## Task instructions
What you return should be the complete data below, word for word, with no pictures in it.

## Dataset excerpt

::::

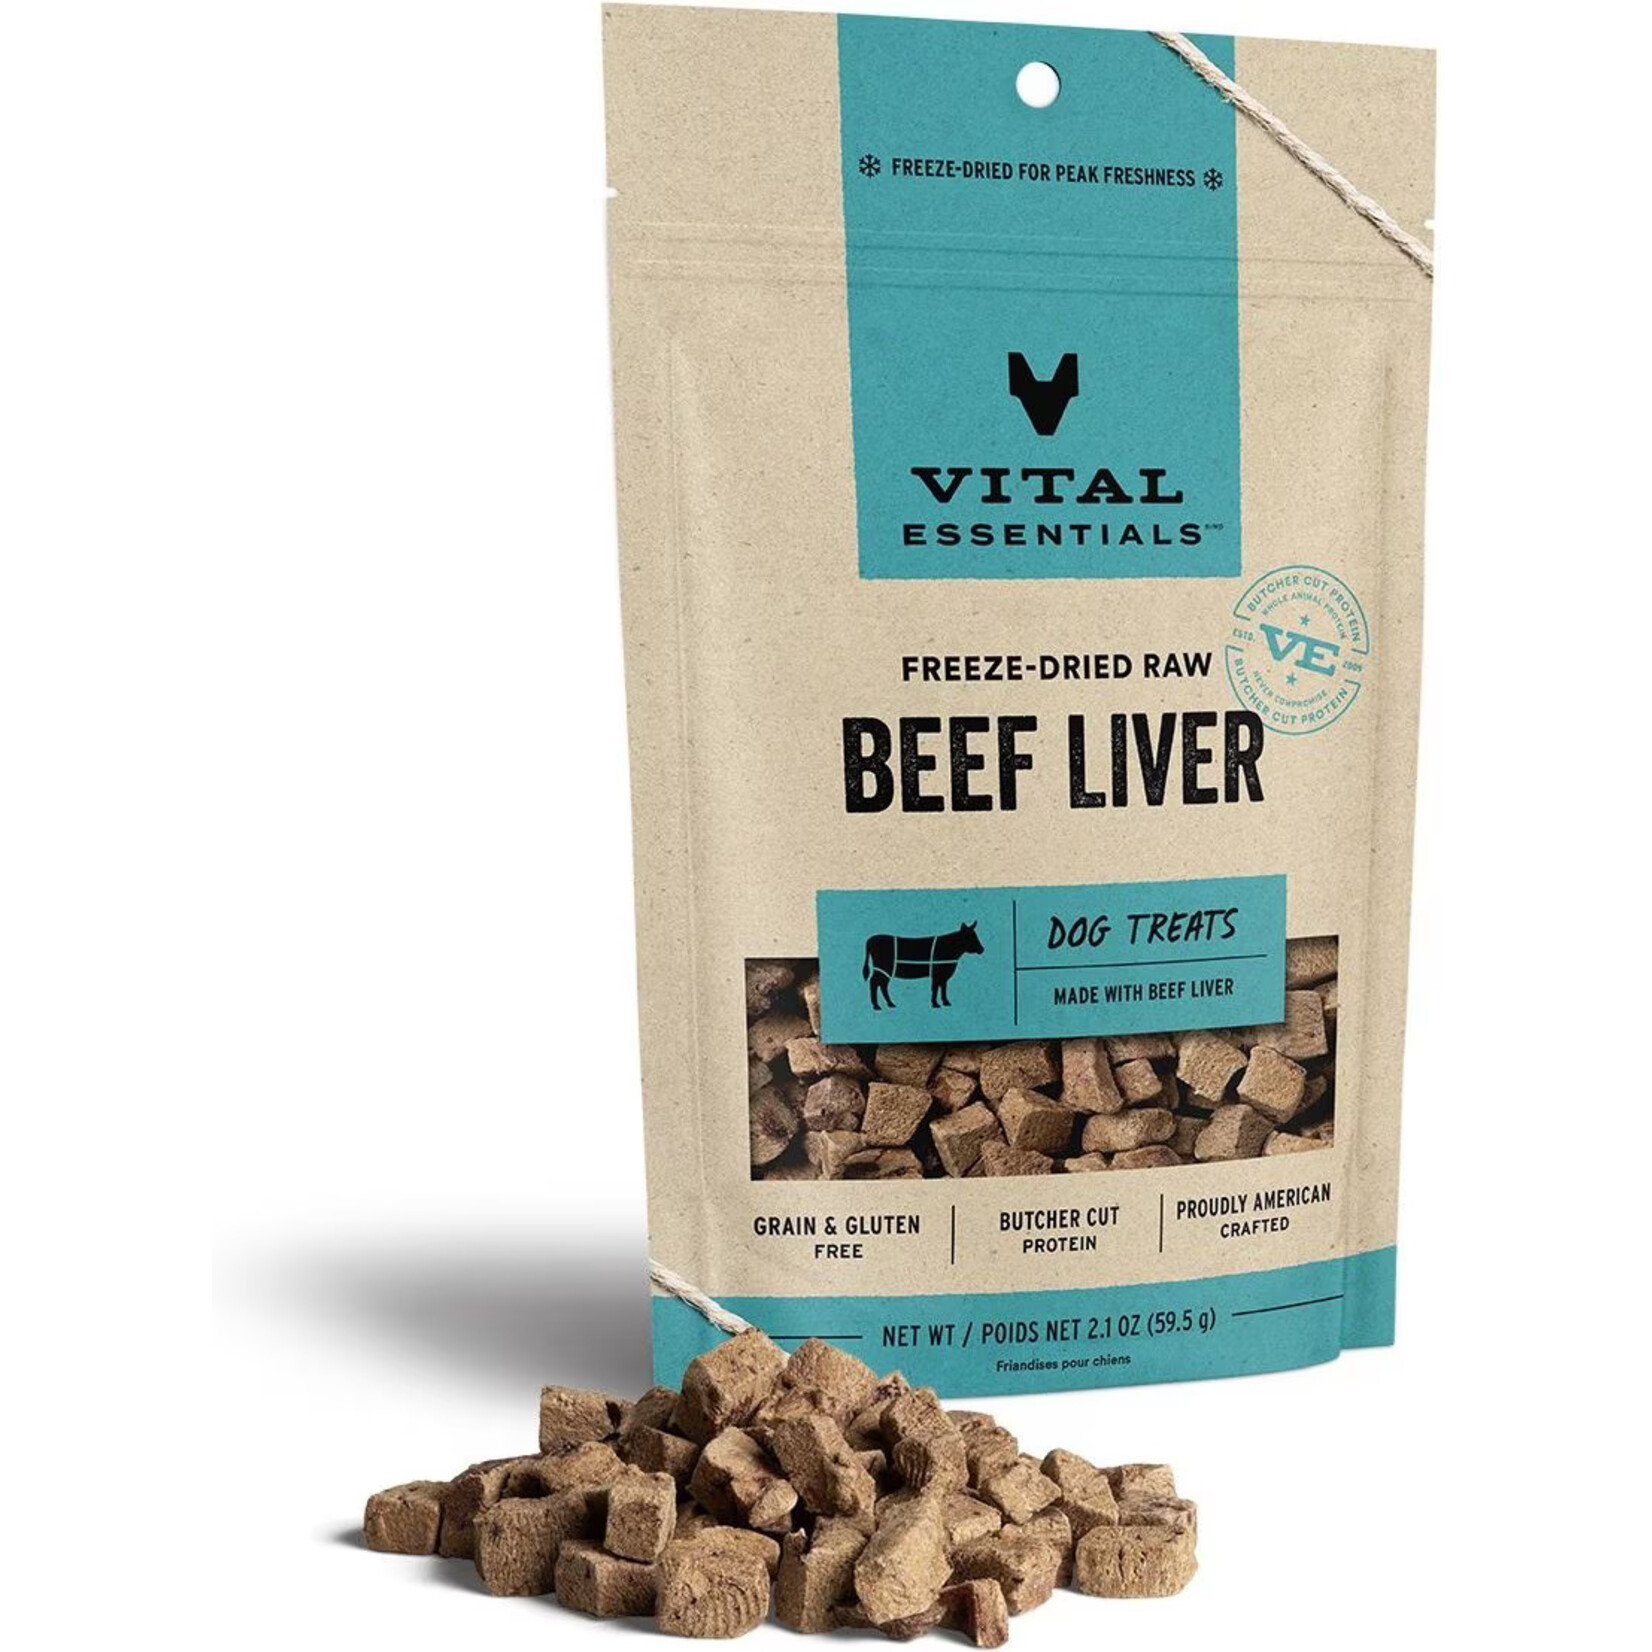 Vital Essentials Vital Essentials Freeze-Dried Raw Beef Liver Dog Treats
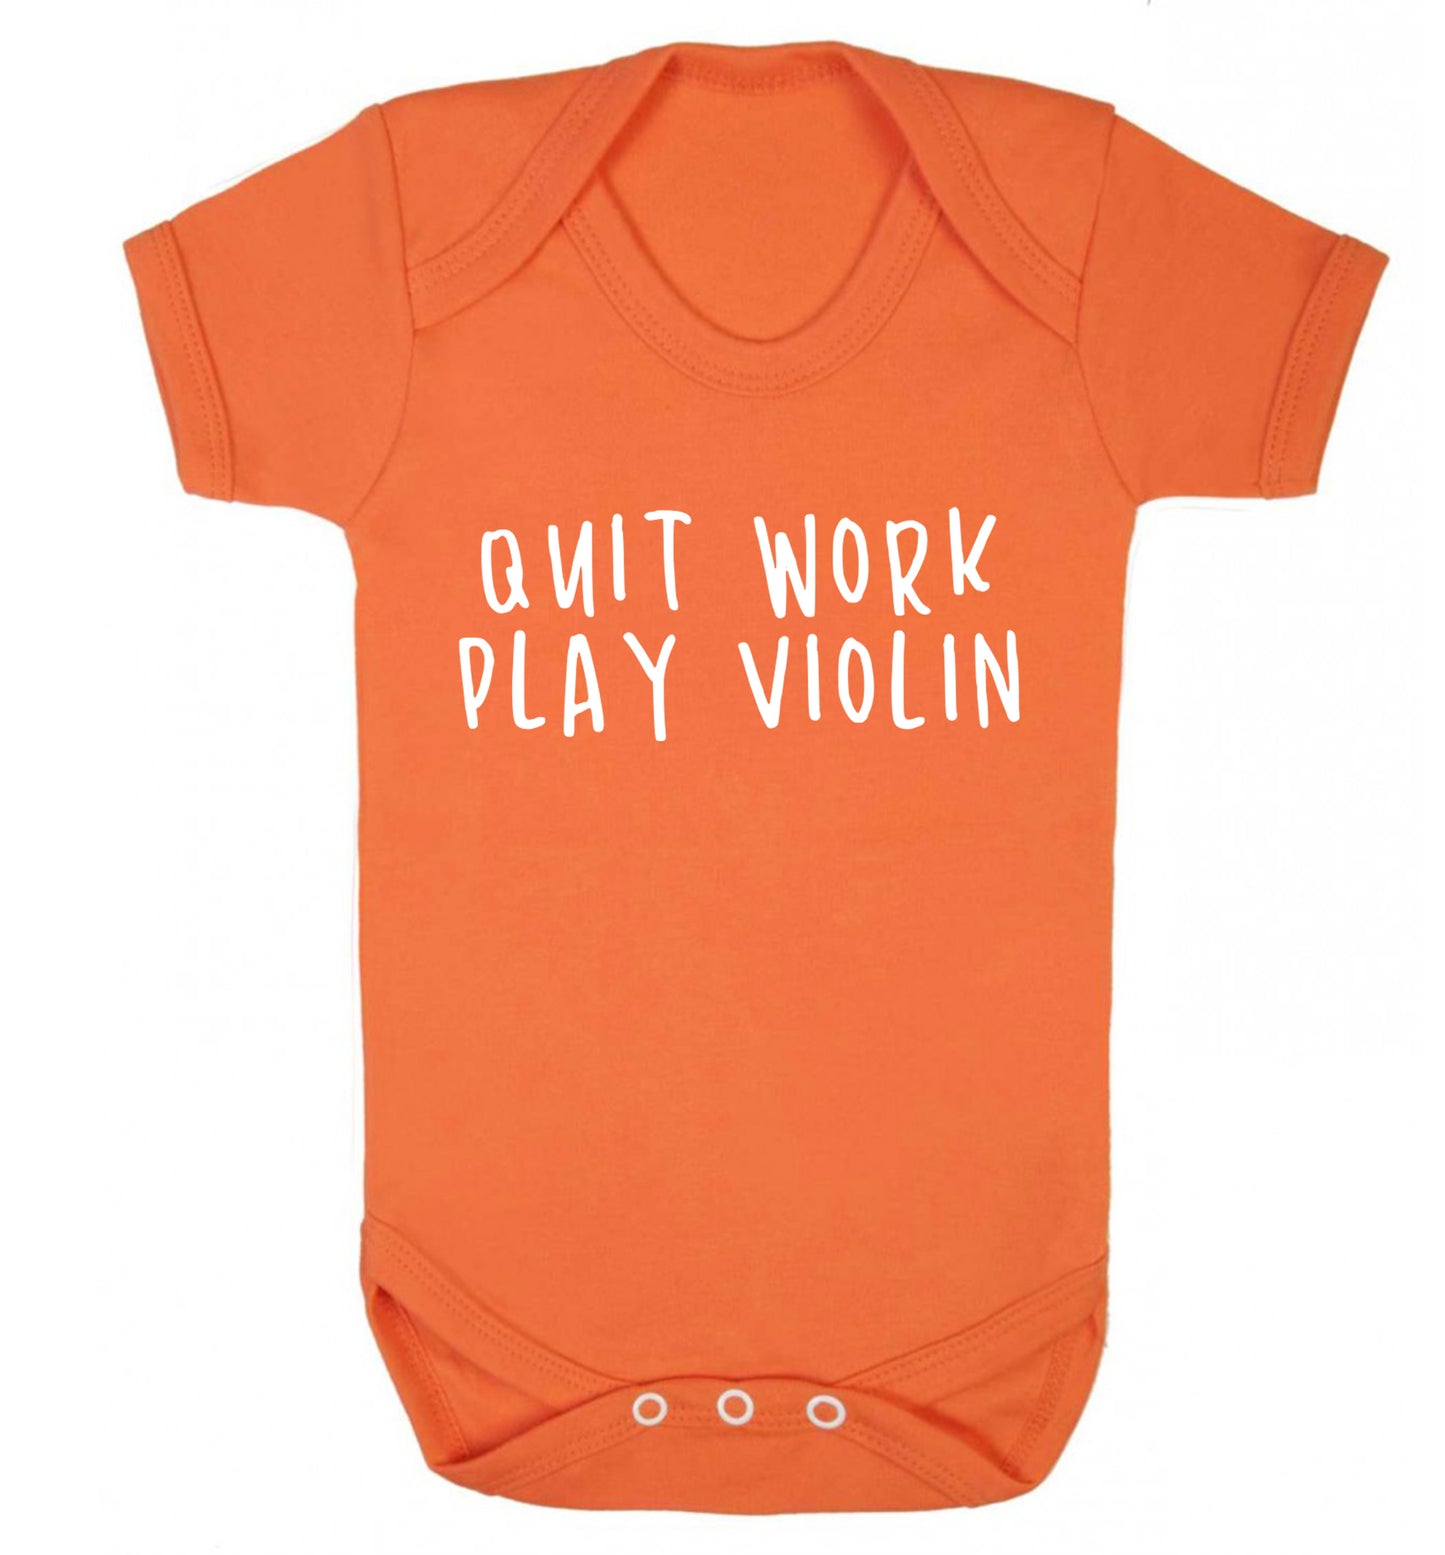 Quit work play violin Baby Vest orange 18-24 months
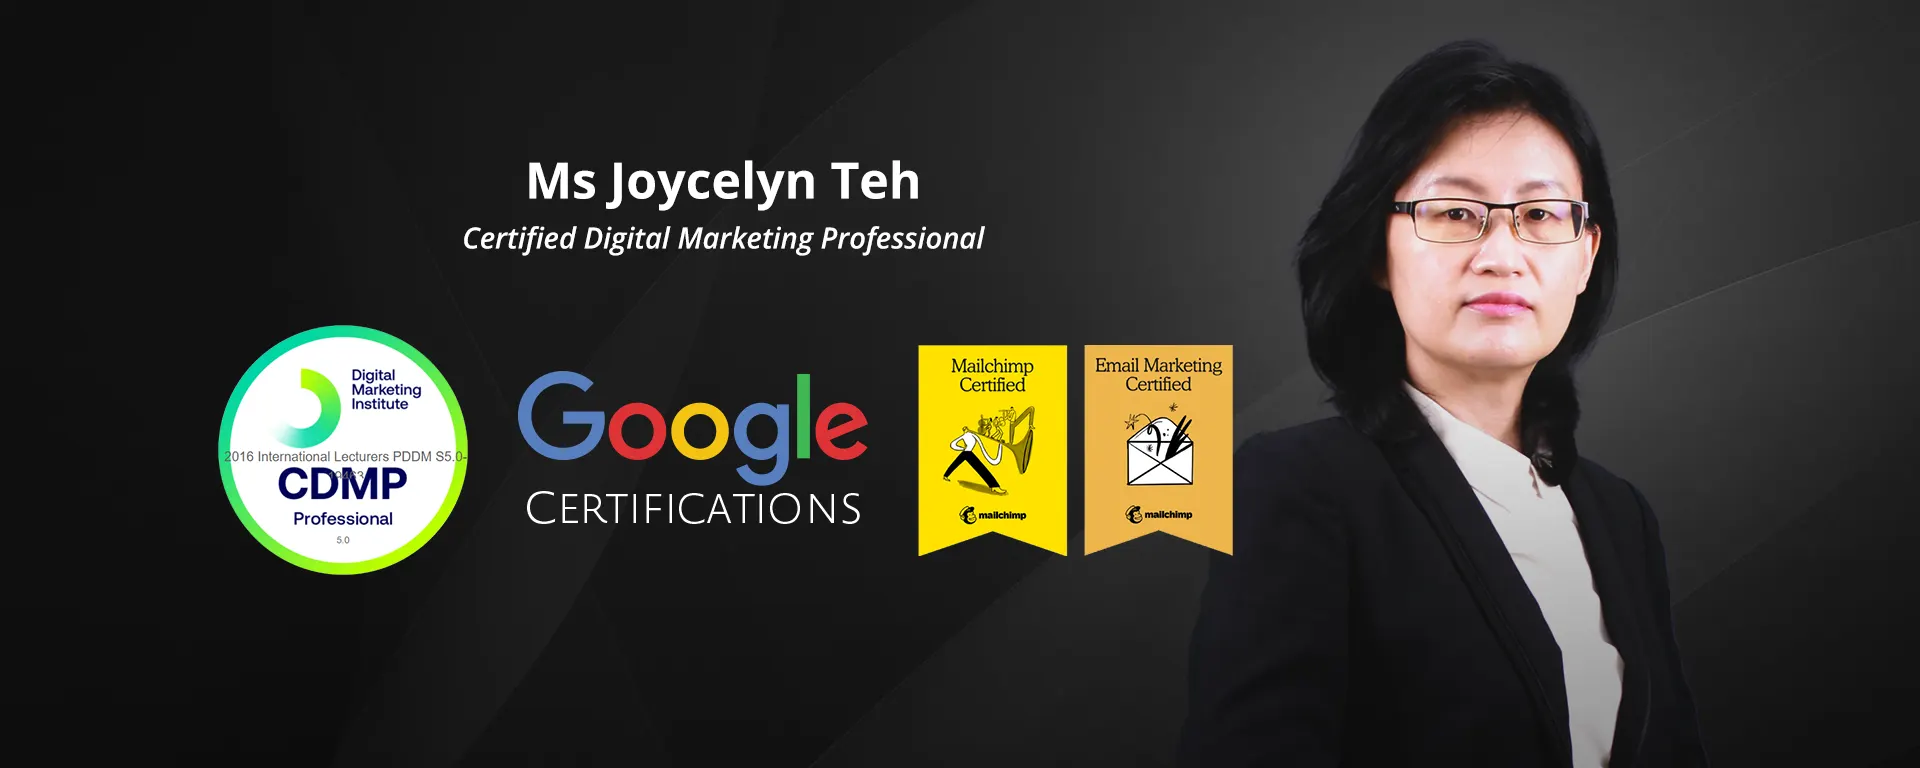 Joycelyn Teh - Certified Digital Marketing Professional

::::

## Result
 Vital Essentials Vital Essentials Freeze-Dried Raw Beef Liver Dog Treats
 Quit work play violin Baby Vest orange 18-24 months
 Joycelyn Teh - Certified Digital Marketing Professional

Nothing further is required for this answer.